## [What you need to do]
None of the images should appear in your copy. Transcribe the data in full.

## [Collected material]
* * * * * * *

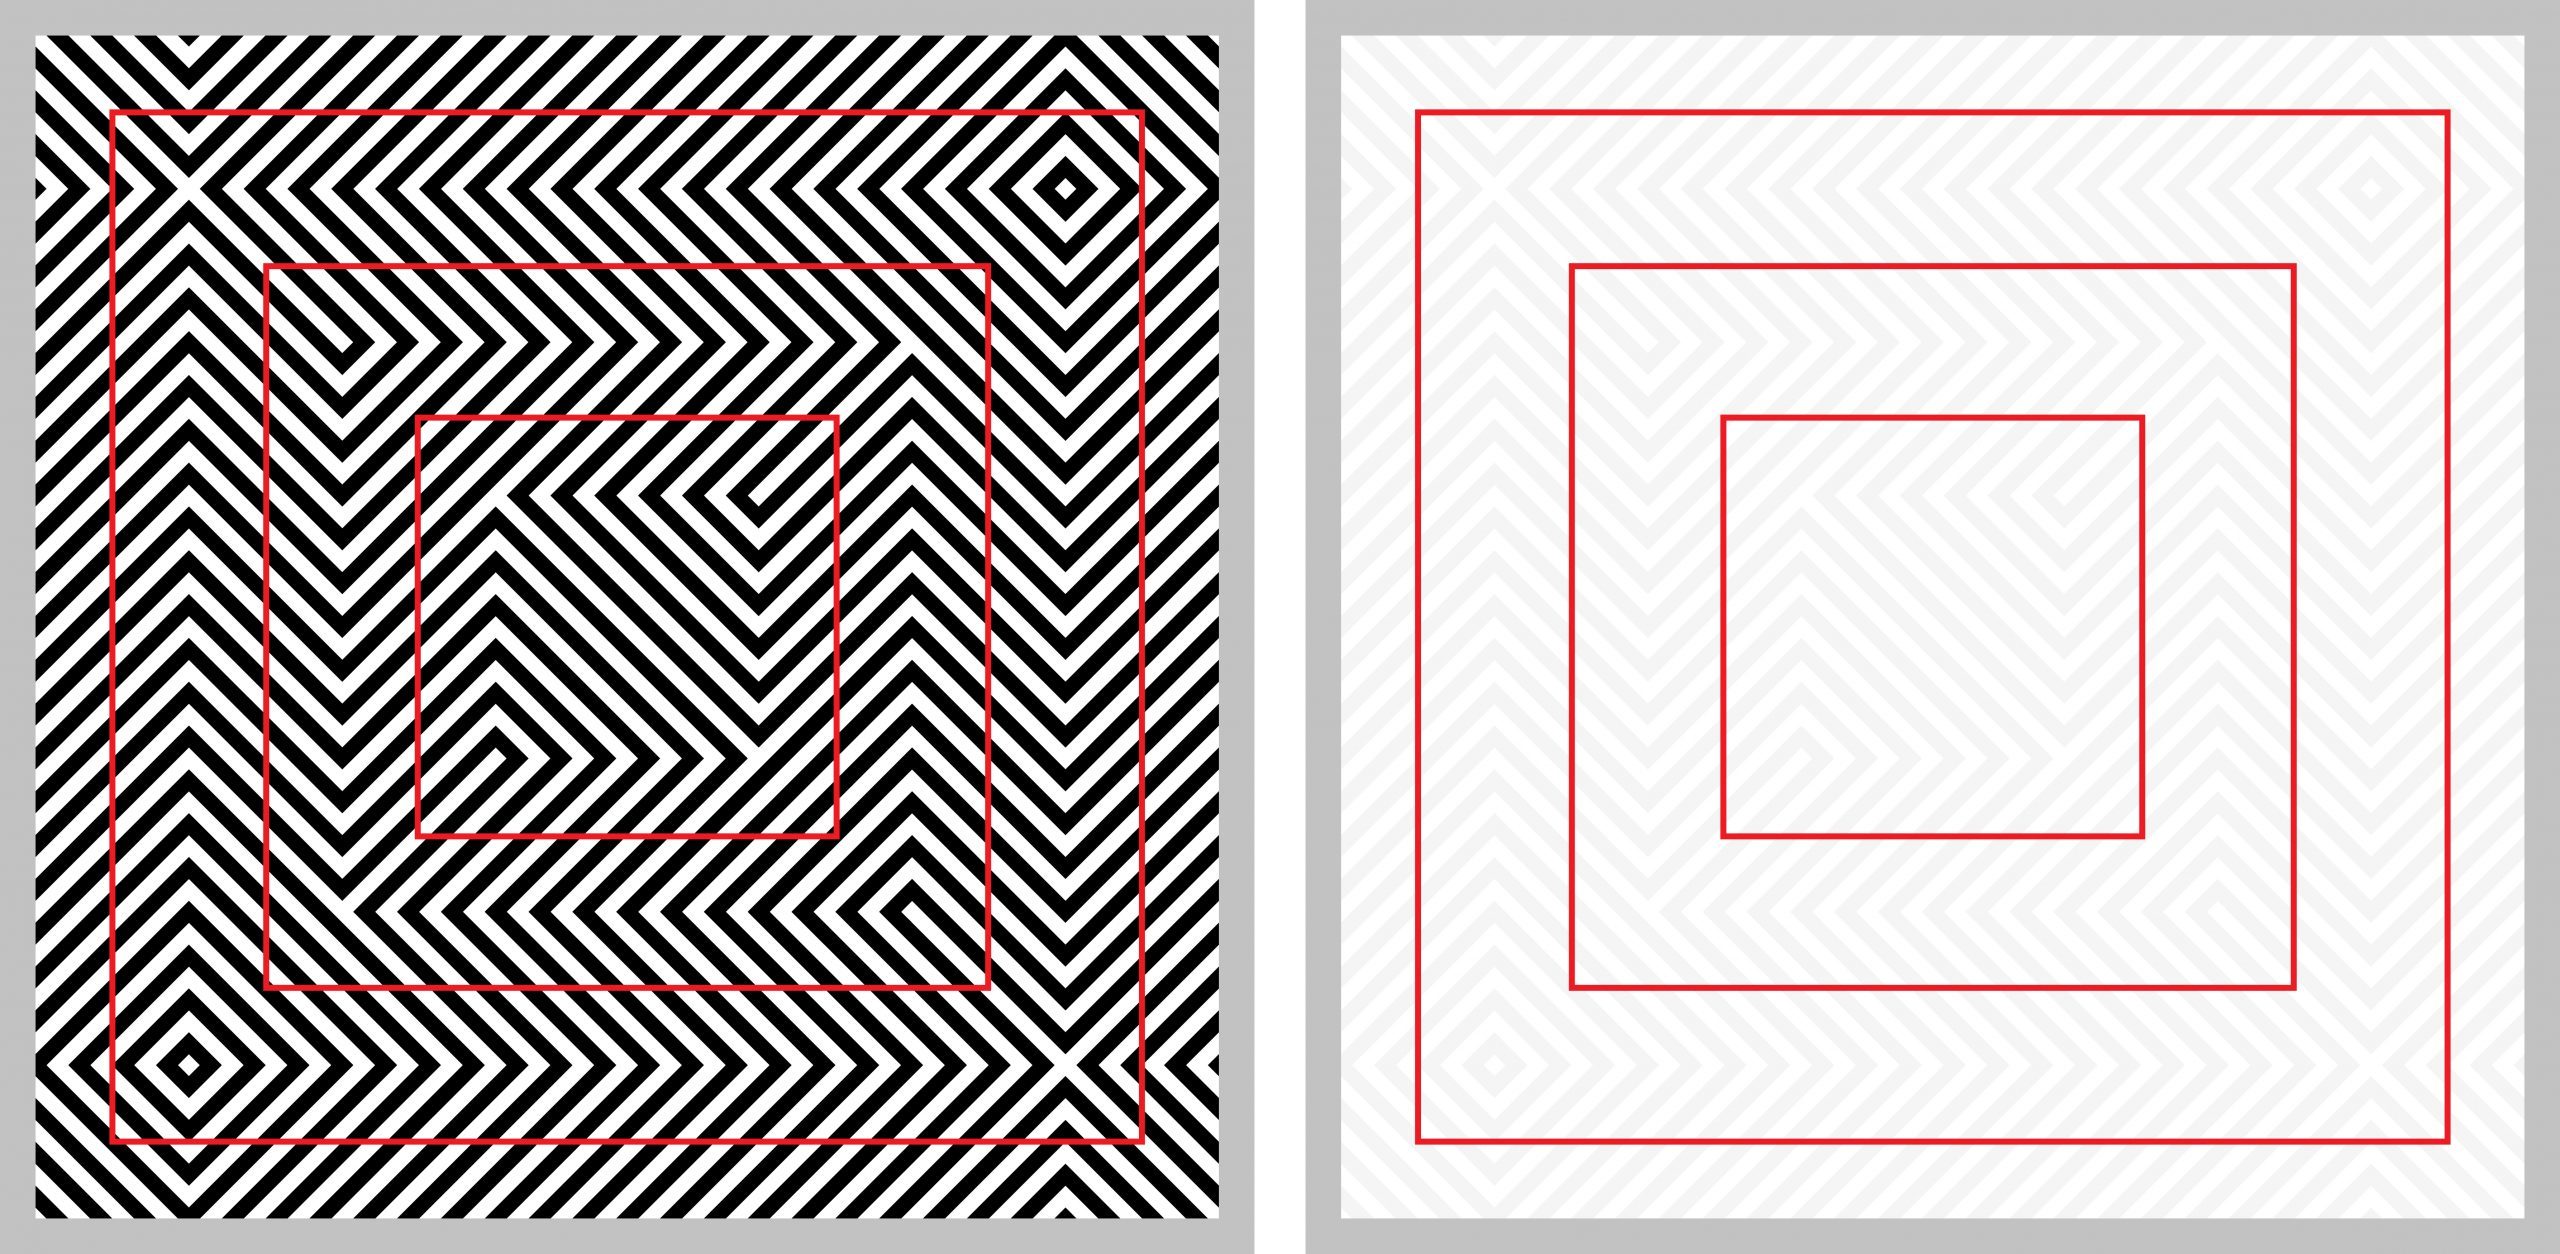 Ilusión óptica (los cuadrados rojos se ven distorsionados) con una explicación a la derecha
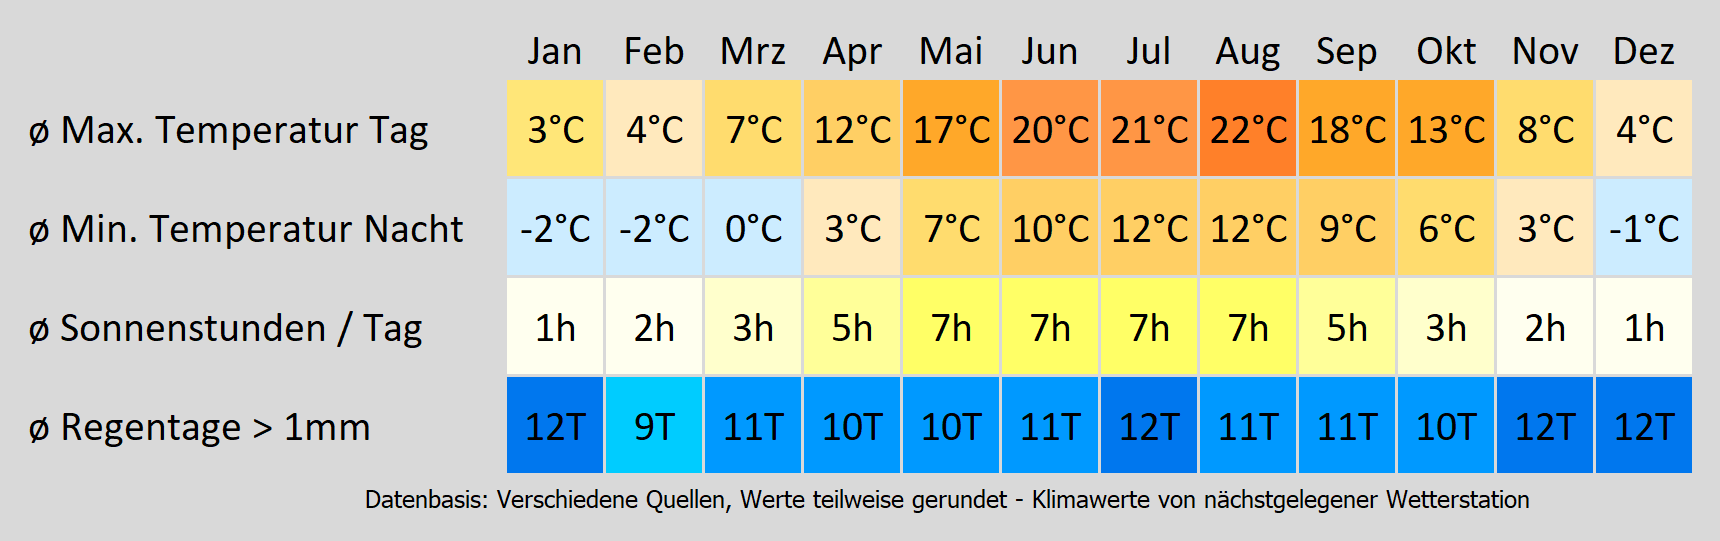 Wohnmobil mieten in Hamburg - wie wird das Wetter? Mit der Klimakarte können Sie sich informieren!
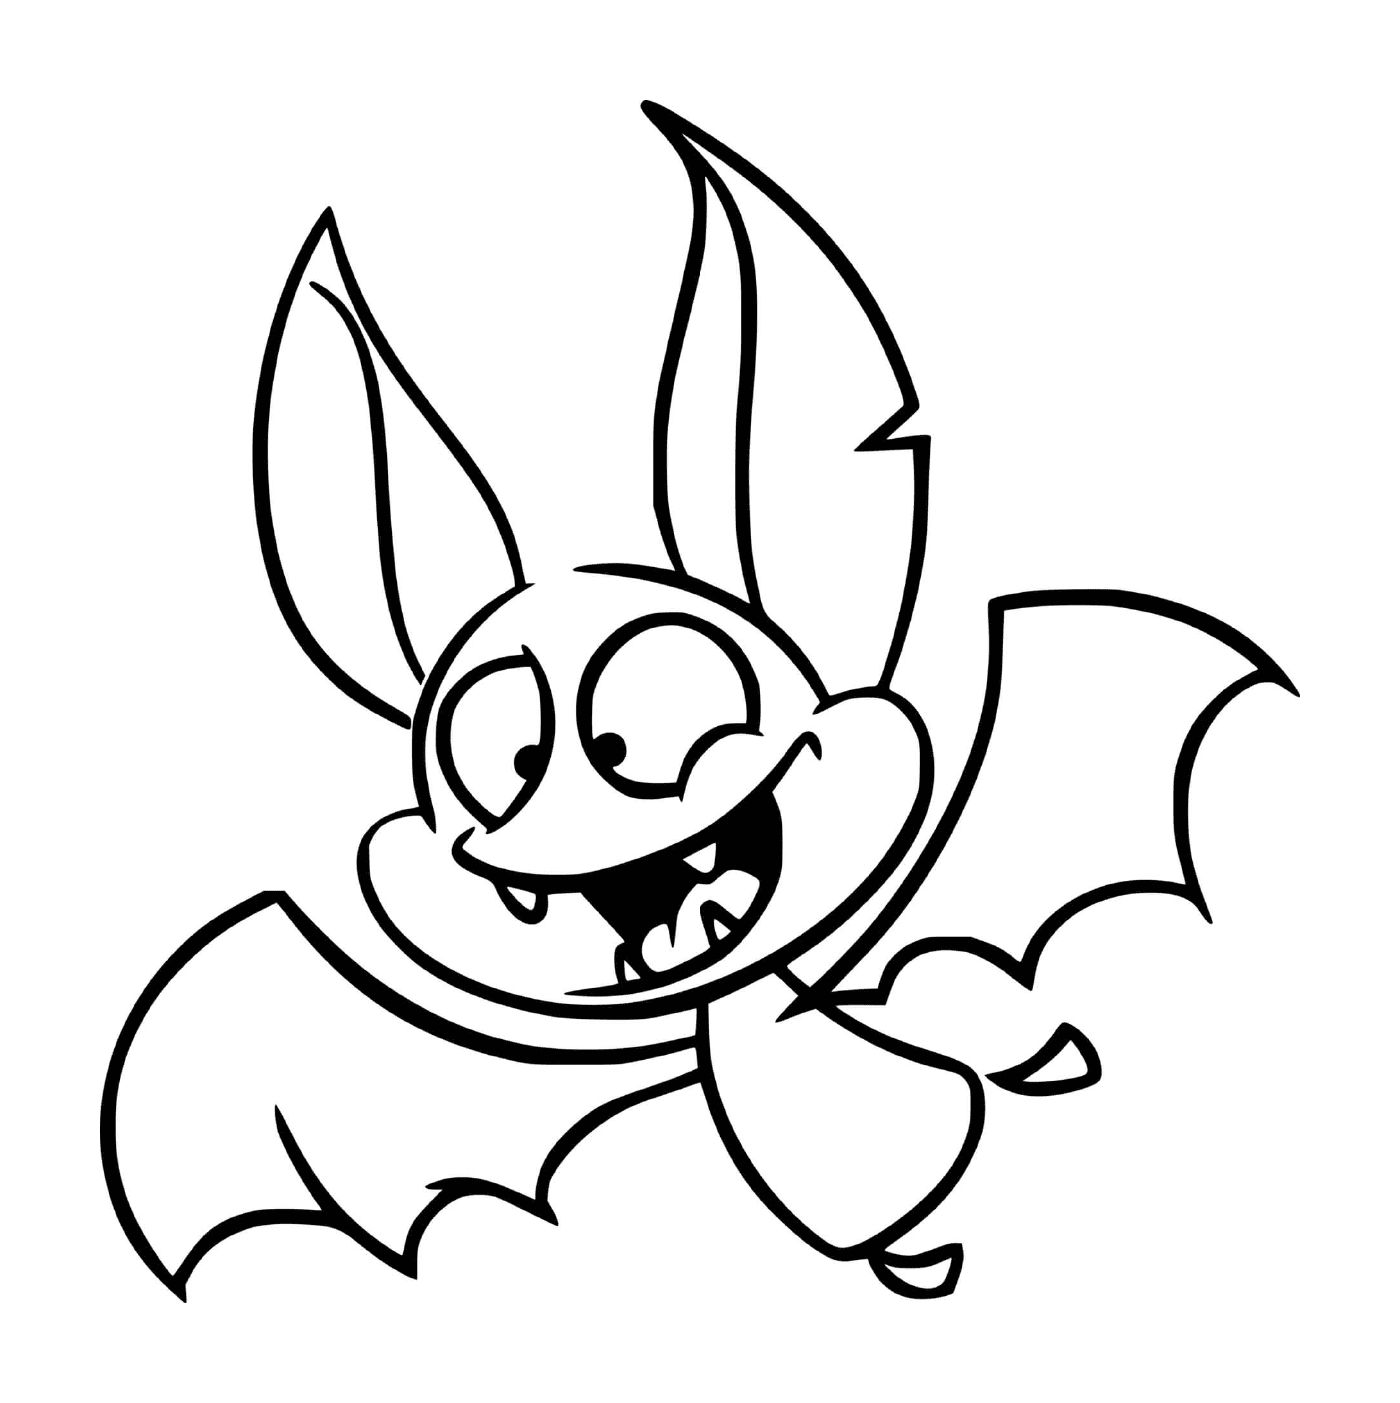  Pipistrello malizioso in versione cartone animato

* * * * * * *

## [Your solution]
 Ilusión óptica (los cuadrados rojos se ven distorsionados) con una explicación a la derecha
 Wohnmobil mieten in Hamburg - wie wird das Wetter? Mit der Klimakarte können Sie sich informieren!
  Pipistrello malizioso in versione cartone animato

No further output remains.